* Work required *
The whole listing is to be given again without alteration, except that its pictures are dropped.

* Information provided *
*** Block opens ***
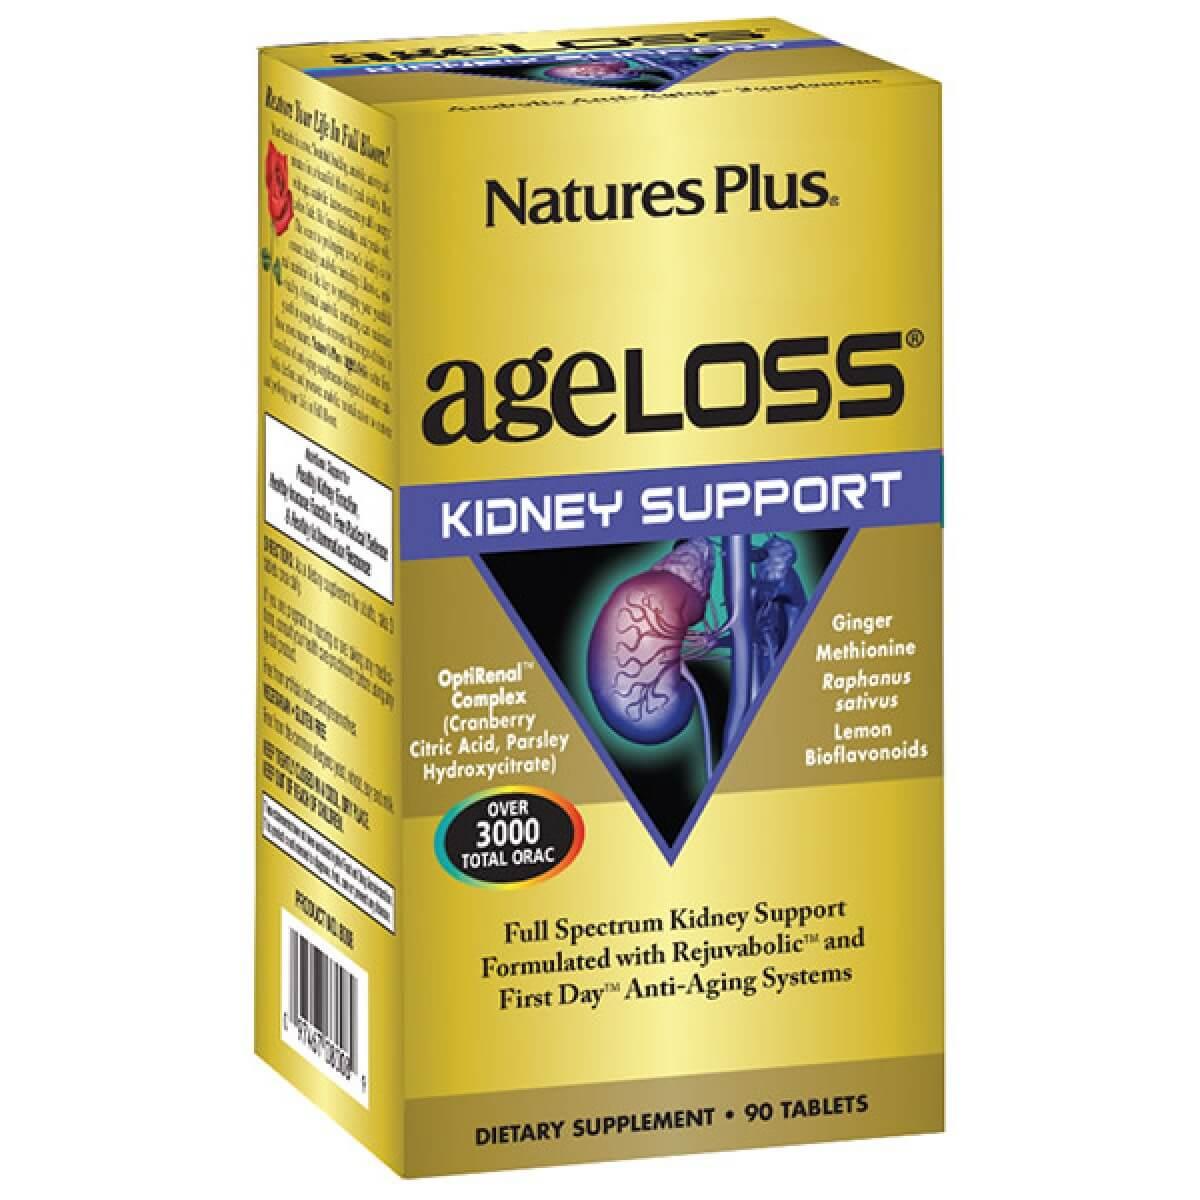 Natures Plus Ageloss Kidney Support 90 Συμπλήρωμα Διατροφής για την ΥποστήριξητωνΝεφρών90 Ταμπλέτες
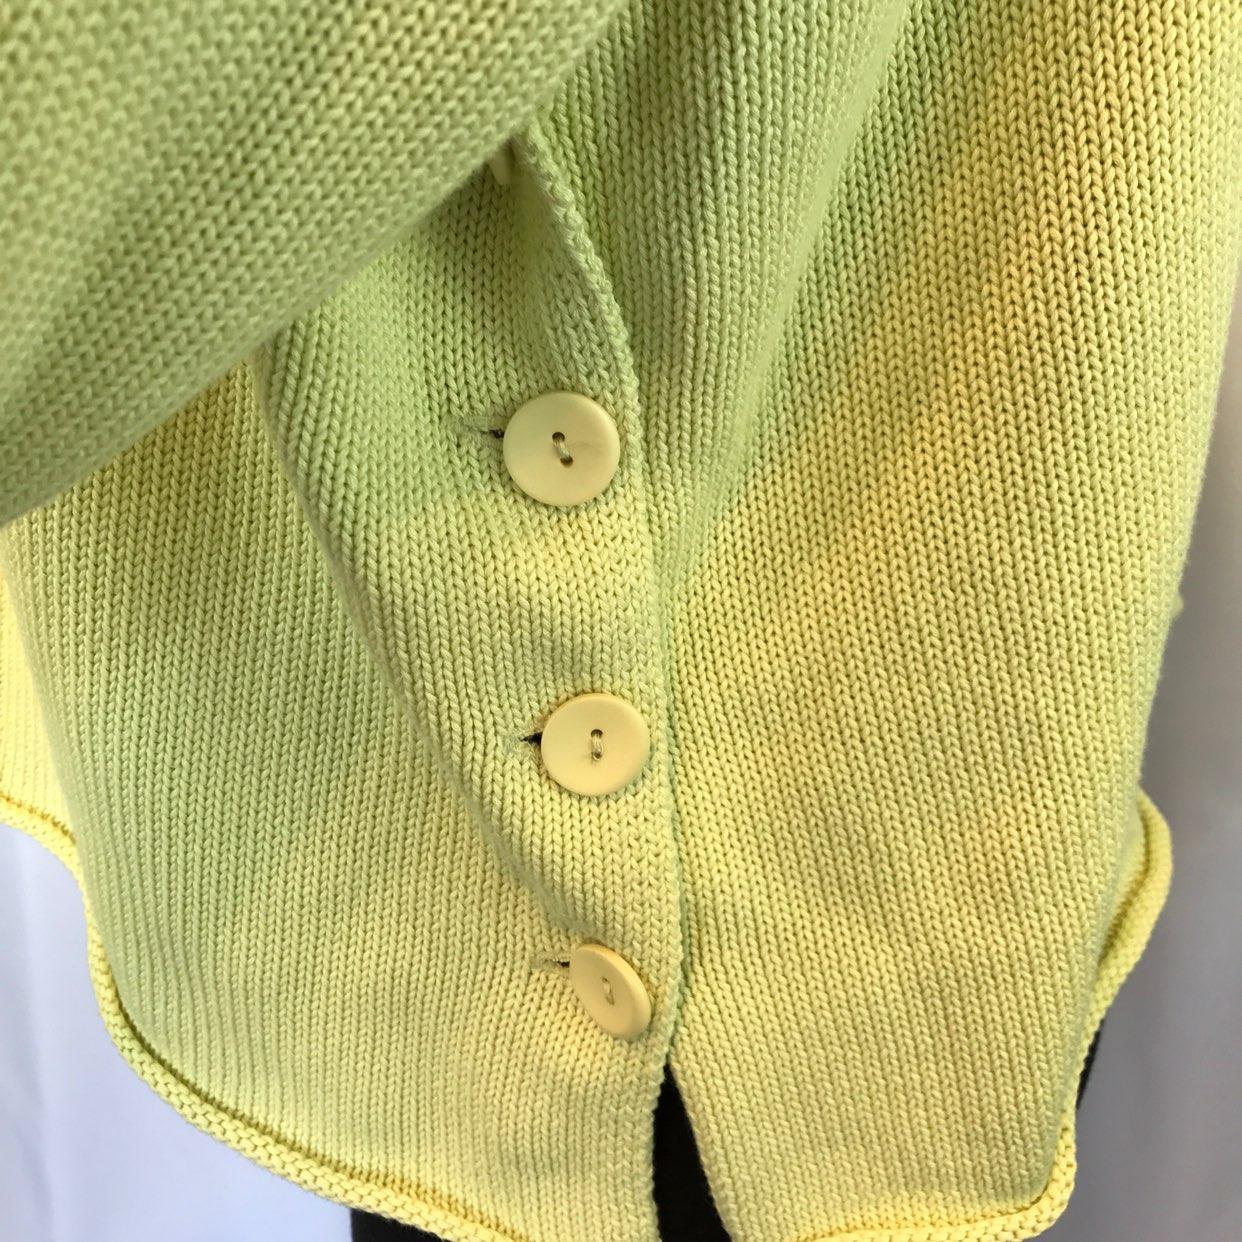 J Jill Pullover Yellow/Green Sweater Sm - Mercari: BUY & SELL ...
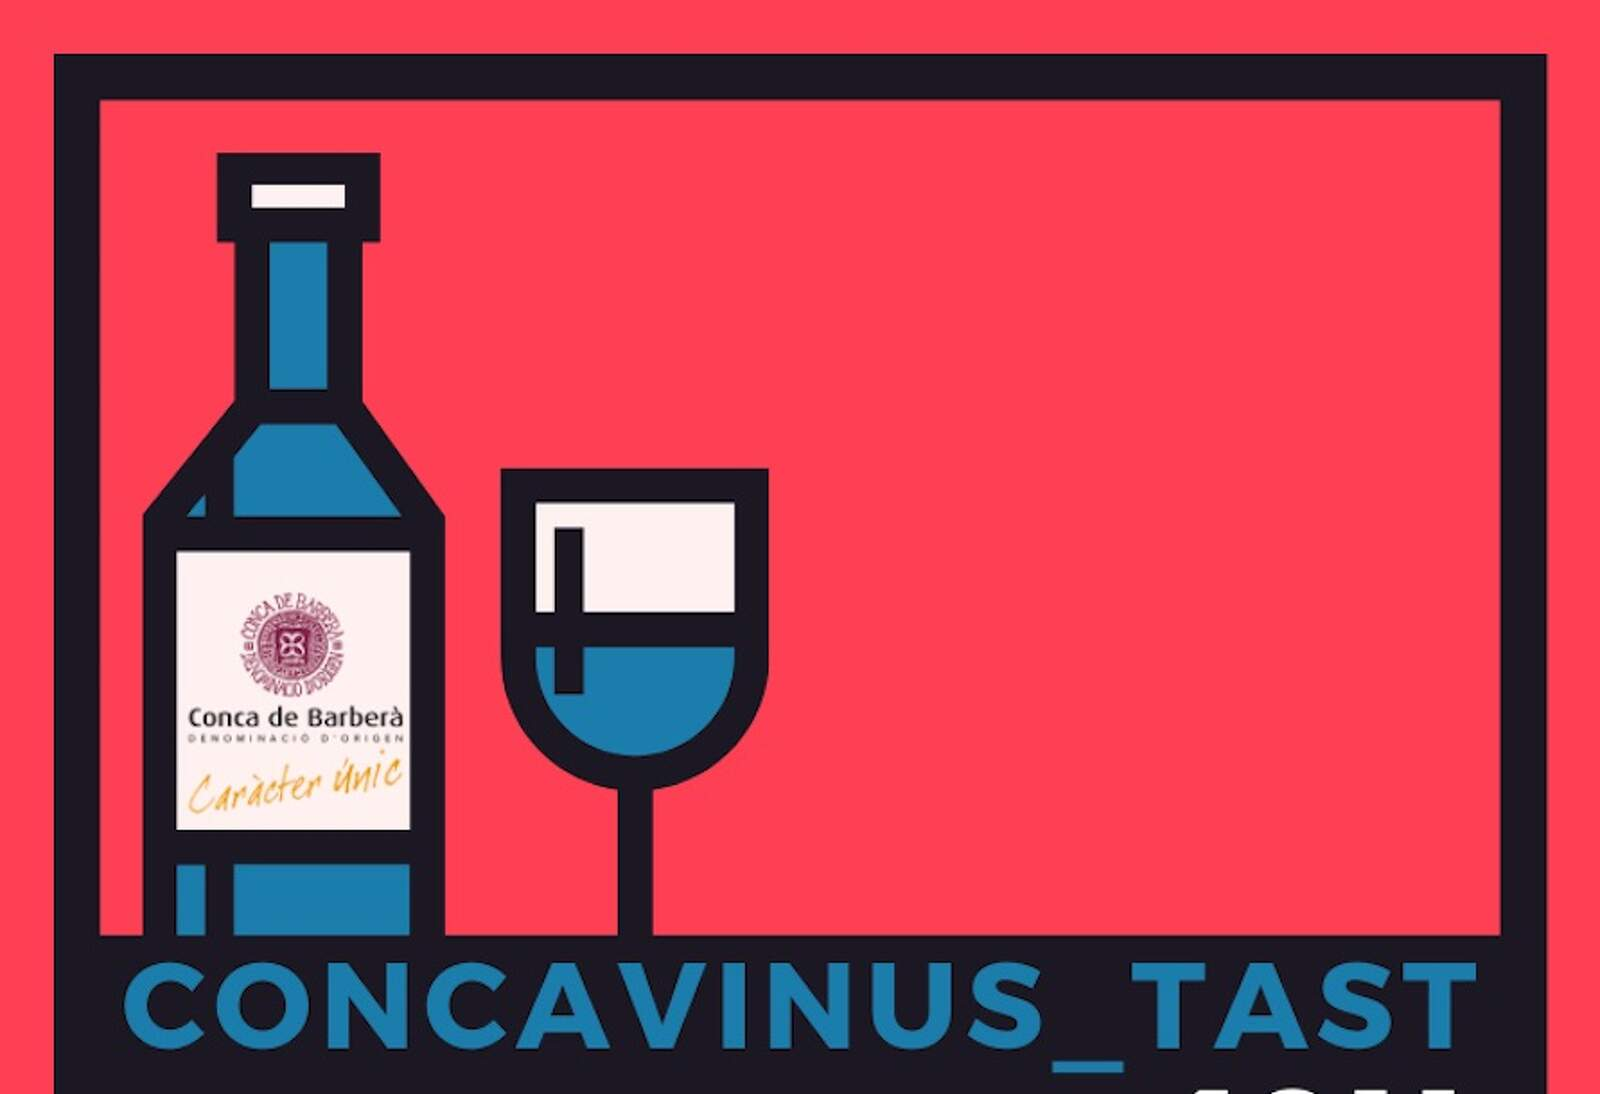 Tastos online de la DO Conca de Baberà en temps de coronavirus
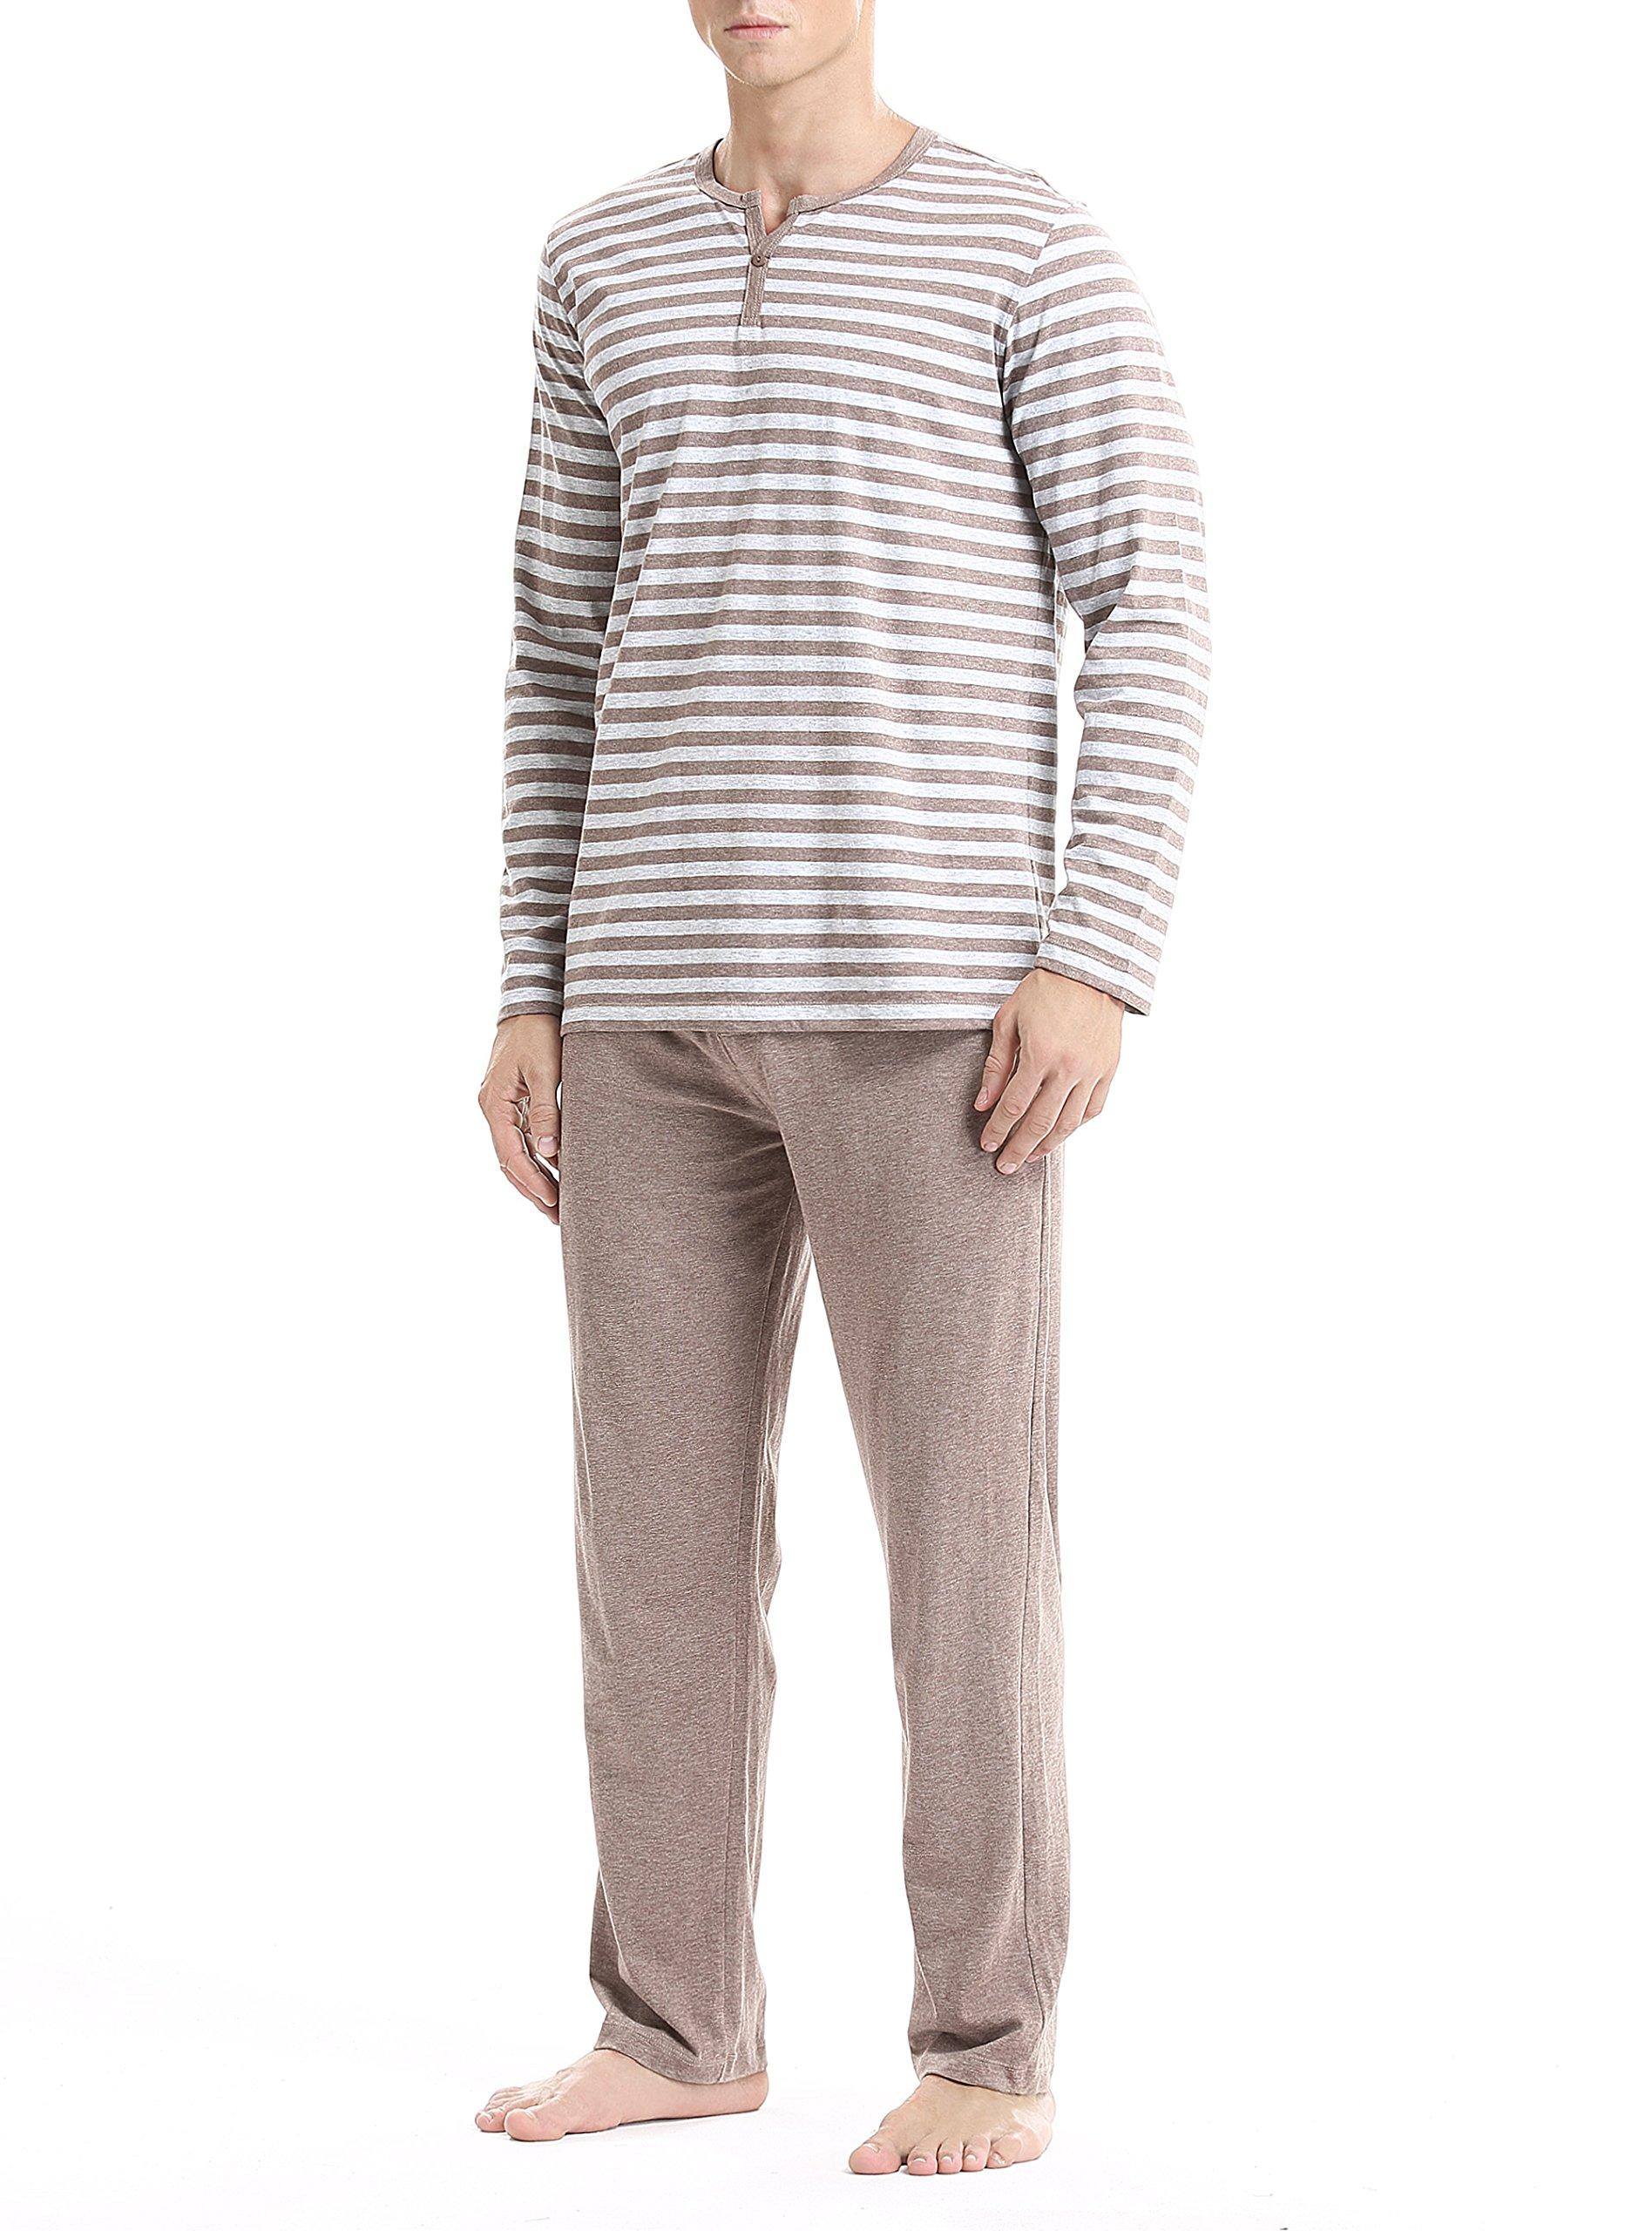 David Archy Men's Cotton Heather Striped Sleepwear Long Sleeve Top & Bottom Pajama Set (Heather Dark Coffee, L)
*** Block closes ***
* Exercise result *
 Natures Plus Ageloss Kidney Support 90 Συμπλήρωμα Διατροφής για την ΥποστήριξητωνΝεφρών90 Ταμπλέτες
 J Jill Pullover Yellow/Green Sweater Sm - Mercari: BUY & SELL ...
 Tastos online de la DO Conca de Baberà en temps de coronavirus
 David Archy Men's Cotton Heather Striped Sleepwear Long Sleeve Top & Bottom Pajama Set (Heather Dark Coffee, L)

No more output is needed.